But there have been (largely justified) charges that the SPO cannot be trusted to make an impartial investigation. At every major turn, the SPO has been late responding to the developments, giving time for those involved to destroy evidence and siphon out money before having to appear before the SPO. The SPO attempted to raid the Blue House, but was rebuffed by the Secret Service. (Take a pause here and think about how insane the previous sentence was.) This picture of Woo Byeong-u in the SPO offices did much to stoke the distrust.
|Woo Byeong-u (left), appearing relaxed while standing the smiling prosecutors who are in charge of|
interrogating him. (source)
The three biggest issues right now on the investigation front are: (1) whether the President herself will appear for interrogation at the SPO; (2) whether the SPO will indict the President for any crime, and; (3) whether SPO will even be able to continue the investigation, as a special prosecutor may step in. The SPO summoned the President as a witness (note: not a suspect,) but the President refused to appear, demanding written interrogatories instead. The SPO does not need to personally interrogate the President to indict her, but the refusal to appear does not make the indictment any easier.
At any rate, the three major parties of the National Assembly agreed to appoint a special prosecutor. The two opposition parties--Democratic and People's--will propose two candidates, and the President is to choose one of them. The special prosecutor is given 120 days to complete his or her investigation. In addition, there will be a direct investigation and hearing by the National Assembly on the scandal as well. In other words, this scandal is guaranteed to drag on for at least another 4-5 months, unless something dramatic happens. What could happen? See below.

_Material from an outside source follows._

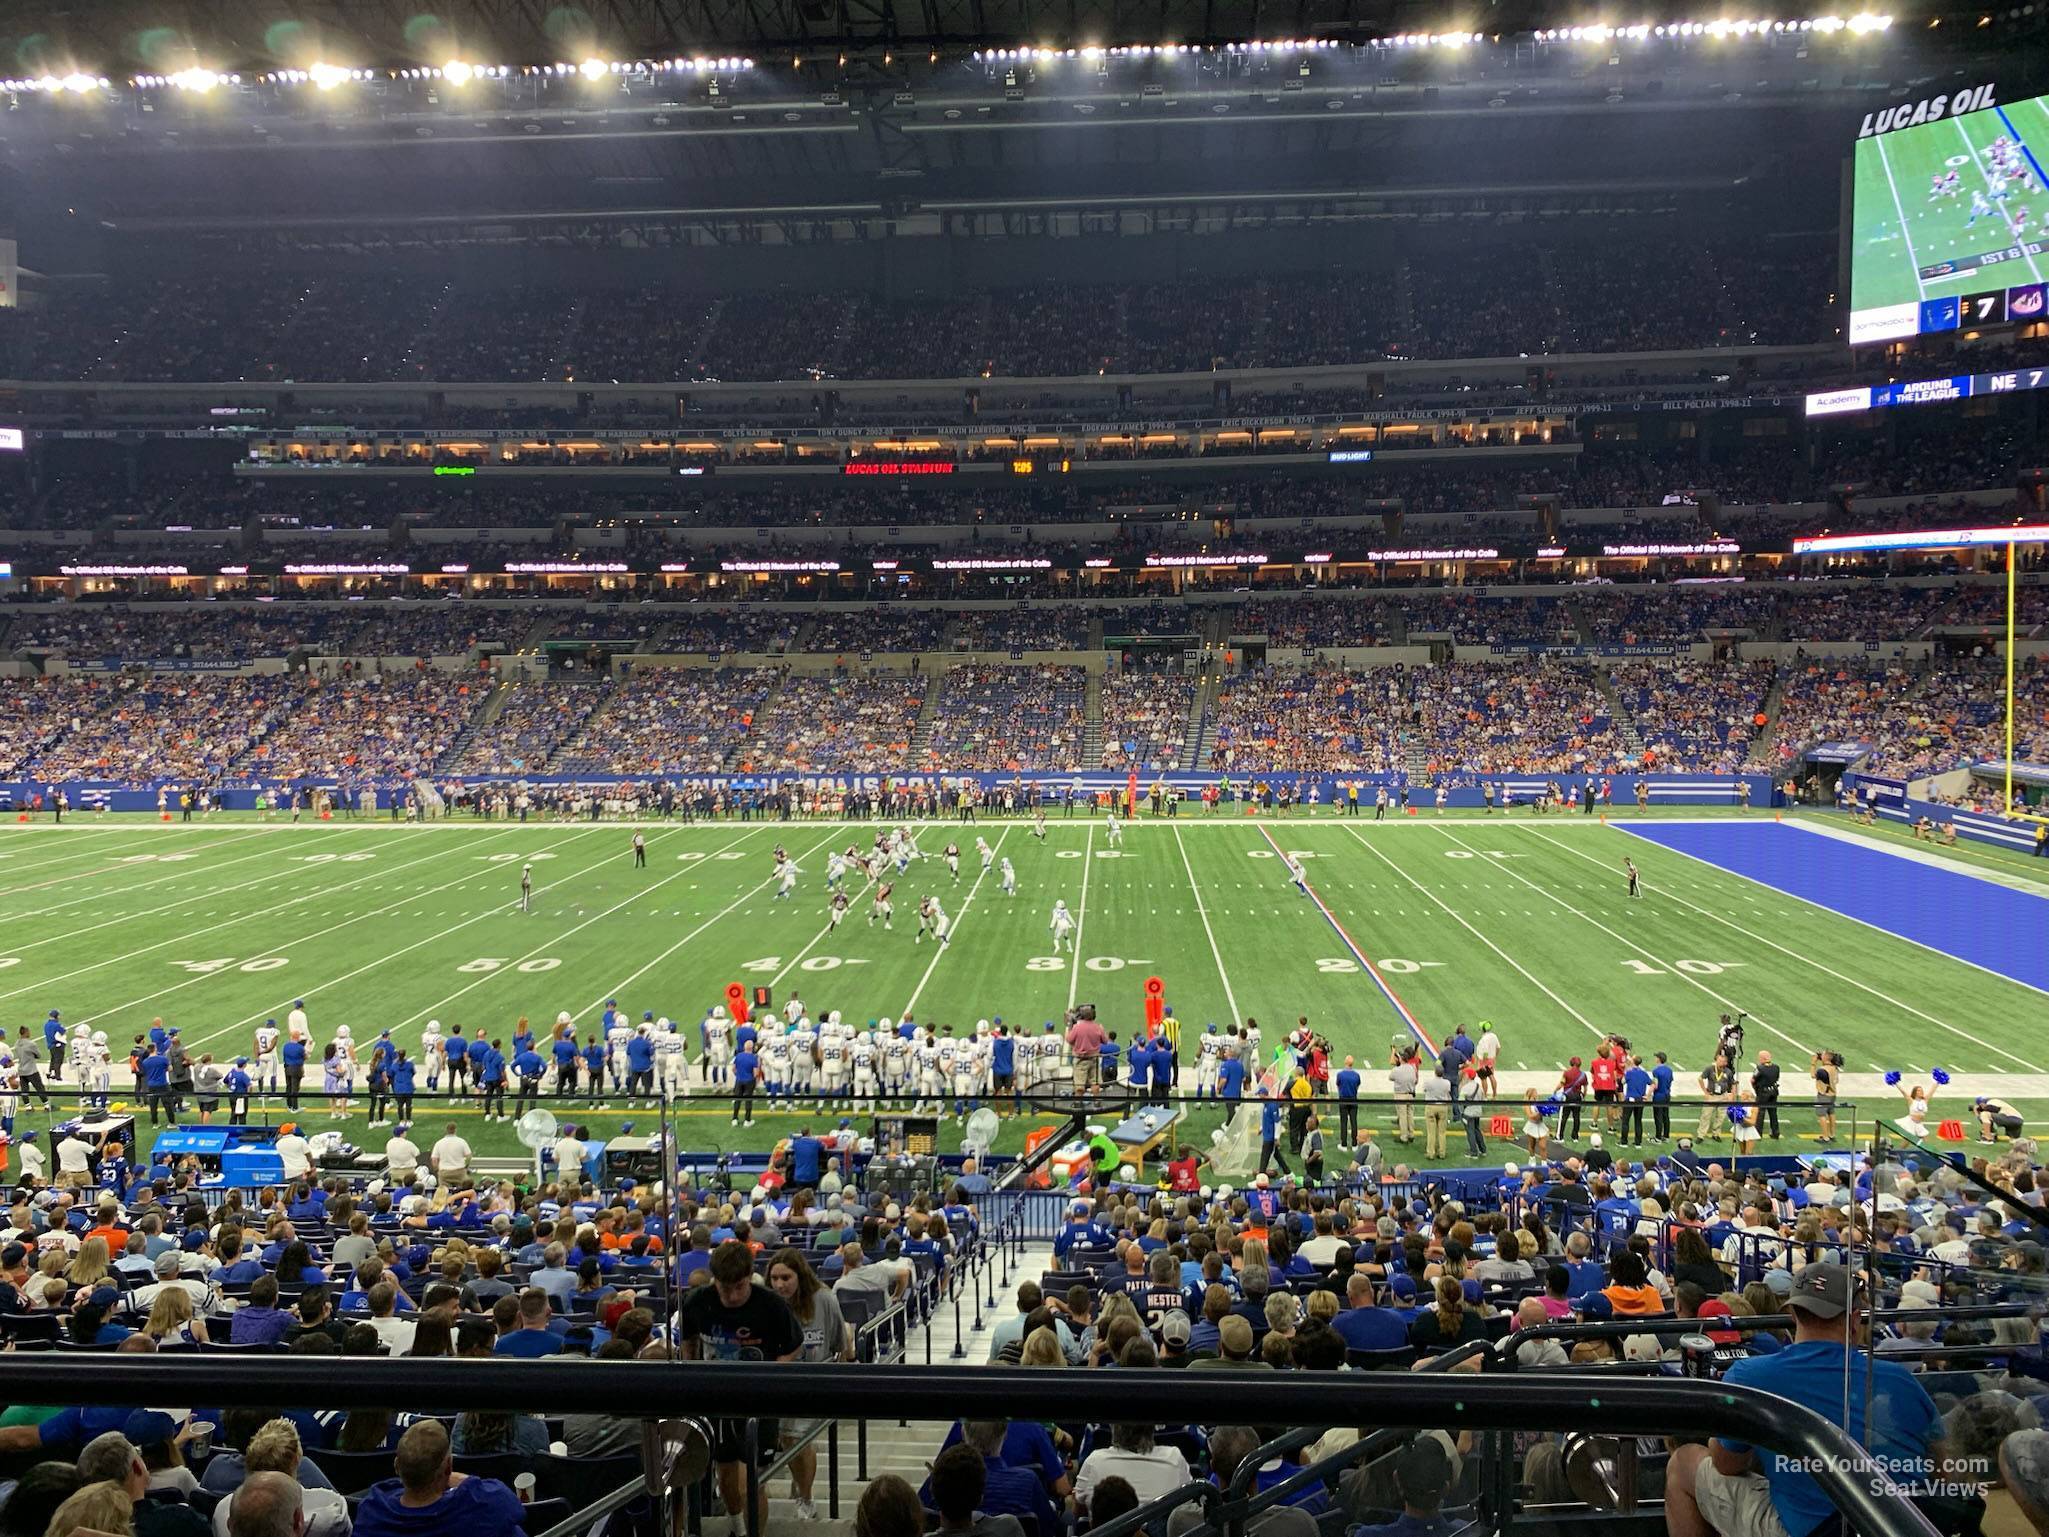 section 239, row 1 seat view  for football - lucas oil stadium

Politically, the Choi Soon-sil gate has become a very difficult calculus for everyone involved, largely because Korea's next scheduled presidential election is in December 2017. That is around a year away from today, which is an awkward amount of time that is neither too long nor too short. If this scandal had happened in 2014, Park Geun-hye and the Saenuri Party may have more incentive to hang on, thinking that their fortune will turn around in the remainder of her term. If it had happened in June 2017, the opposition may be inclined to push more aggressively as a part of the presidential election campaign. But the awkward timing is making everyone move very cautiously.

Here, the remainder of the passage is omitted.